The talk answered this too. One of its other distinctive marks was the amusing snatch of biography surfacing from time to time; Casaubon and Scaliger were not just marginal comments on a manuscript, but letter-writers too, full participants in their unique historical moment. Grafton had mentioned, half-way through the talk, a young Jew in Oxford who sat with Casaubon and gave him one-on-one Hebrew lessons. This important character made another appearance in the final anecdote. The university had gotten wind of the man's linguistic expertise and wanted to appoint him a professor of Hebrew; but given the strict intertwining of institution and religion, that couldn't happen without the man's conversion to Christianity. Happily Jewish, the man had no interest in converting, and so, as the pressure mounted, he fled Oxford. The university authorities tracked him and hauled him back, imprisoning him as punishment for the affront, and assurance that it wouldn't happen again. Casaubon heard the news and intervened immediately, doing everything in his power to free his former tutor; eventually he went right to the top, writing the archbishop with a special plea for the man's freedom. It was granted, and our man walked: still himself, still Jewish.

The message fell short of rocket science and tumbled towards triteness, but was powerful for its clear intelligibility: in an atmosphere of normalised suspicion and hostility, where anti-semitism was the absolute default, the understanding gained from a deep relationship with another culture chiefly through text, was directly transmitted into appreciation, tolerance, friendship. One of the most basic operations of the humanities - our equivalent of addition or multiplication - is comparison. We compare things that seem different to show they are the same, at least as much as we compare things that seem the same to show they are different. The constant acts of connection and comparison performed daily by Casaubon settled in his mind until the commonalities between 'his' culture and another were habitual and obvious. This was the grand tradition of sympathetic humanism at its basic best: training by text to appreciate another human being, activating this training into a political intervention. As the story washed over me, I felt a lump in my throat.

The tears were already forming as the applause rolled on for many, many seconds; but it took Malcolm Schofield's dignified response for the real wells to start flowing. He took Grafton's words and put them side by side with the Norwegian killing spree, one final act of time-straddling comparison to close. But this comparison showed differences, opposites: on the one hand, a humanism that created a bond between two full-fledged humans; on the other, a narcissistic extremism that denied to others what it granted in full measure to the self.
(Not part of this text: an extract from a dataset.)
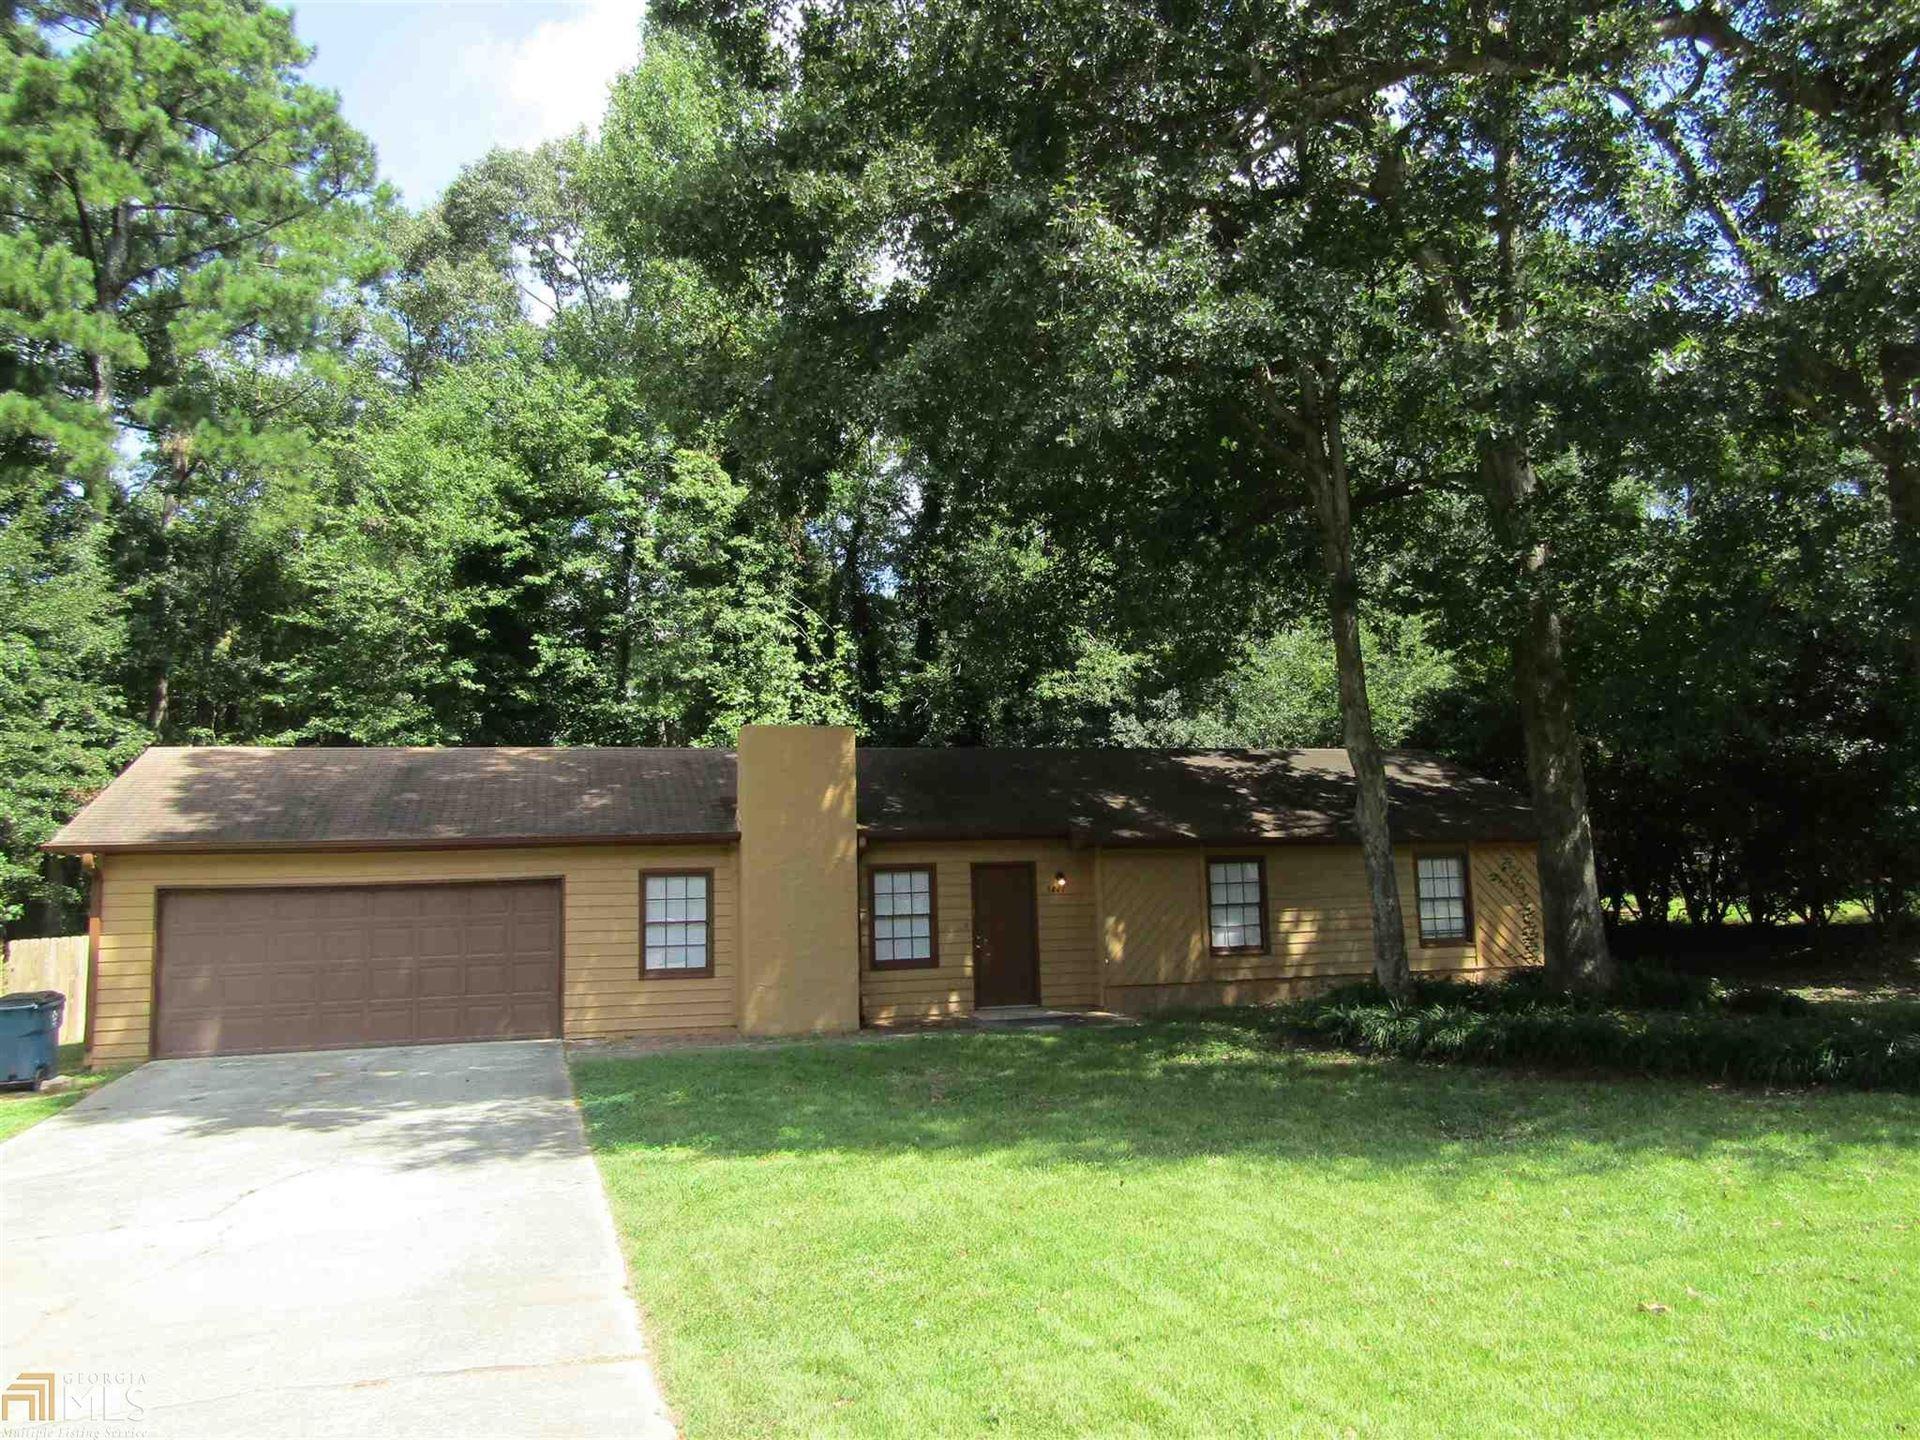 3441 Creekwood Dr, Conyers, GA 30094 - #: 8852694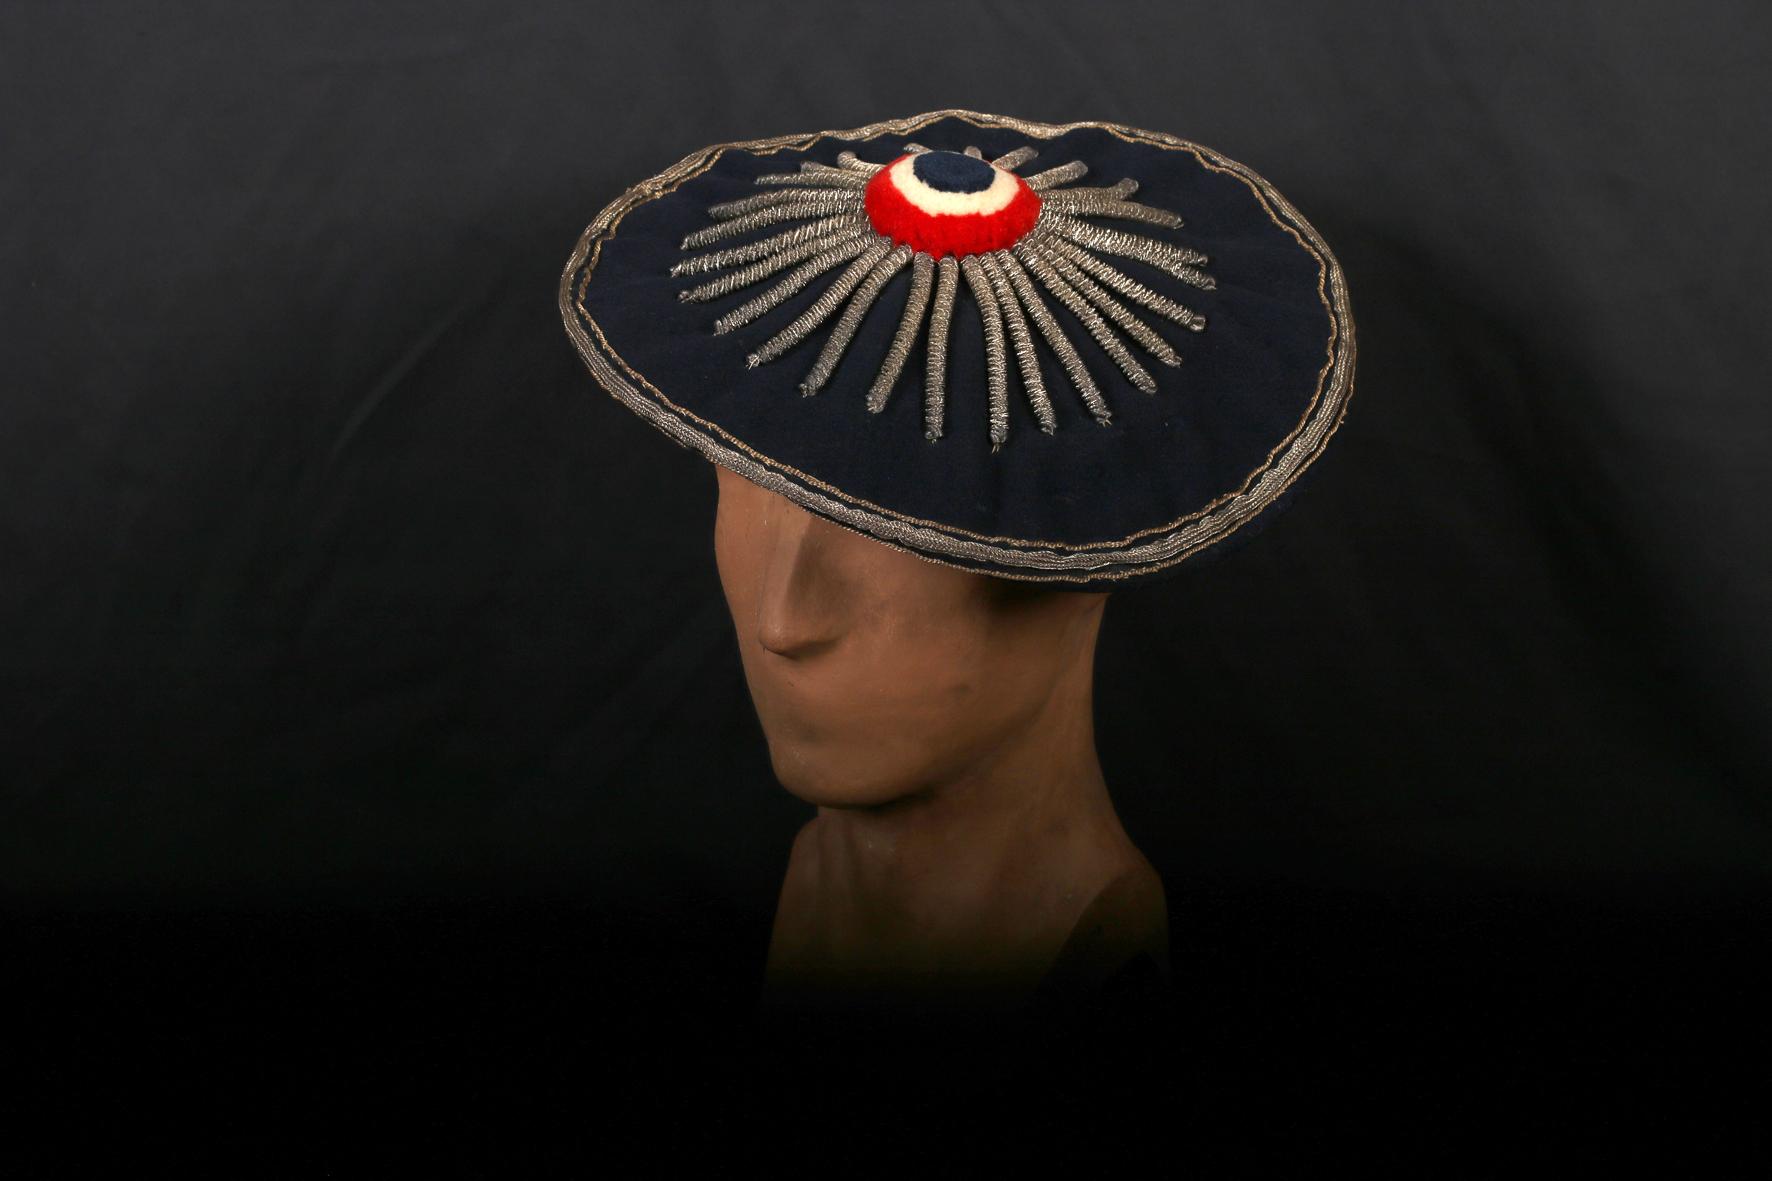 Béret du costume de garde national

If we can claim anything as classicists, we can claim that our efforts to familiarise the past are parallel to, and fortify, our efforts to know our fellow humans; and our efforts to distance it can't do much else other than increase our enabling sense of relativism, make us aware that if humanity was different in the past, there is no reason that it can't be different (better) today, tomorrow. The practice of classics is just one (particularly good) way to dissolve stony extremism into harmless, silly-looking sherds. Anthropology will do it, philosophy will do it, literature will do it; the humanities will do it. If classics jumps in as an important player, it would do well to drop its rhetoric of 'foundational importance', as if it owned the humanities by spawning all of them. Rather - there being no I in team - it should take its place alongside every arbitrarily divided realm of human knowledge and stand or fall as all or nothing. Humanity doesn't depend on it; but a better humanity does.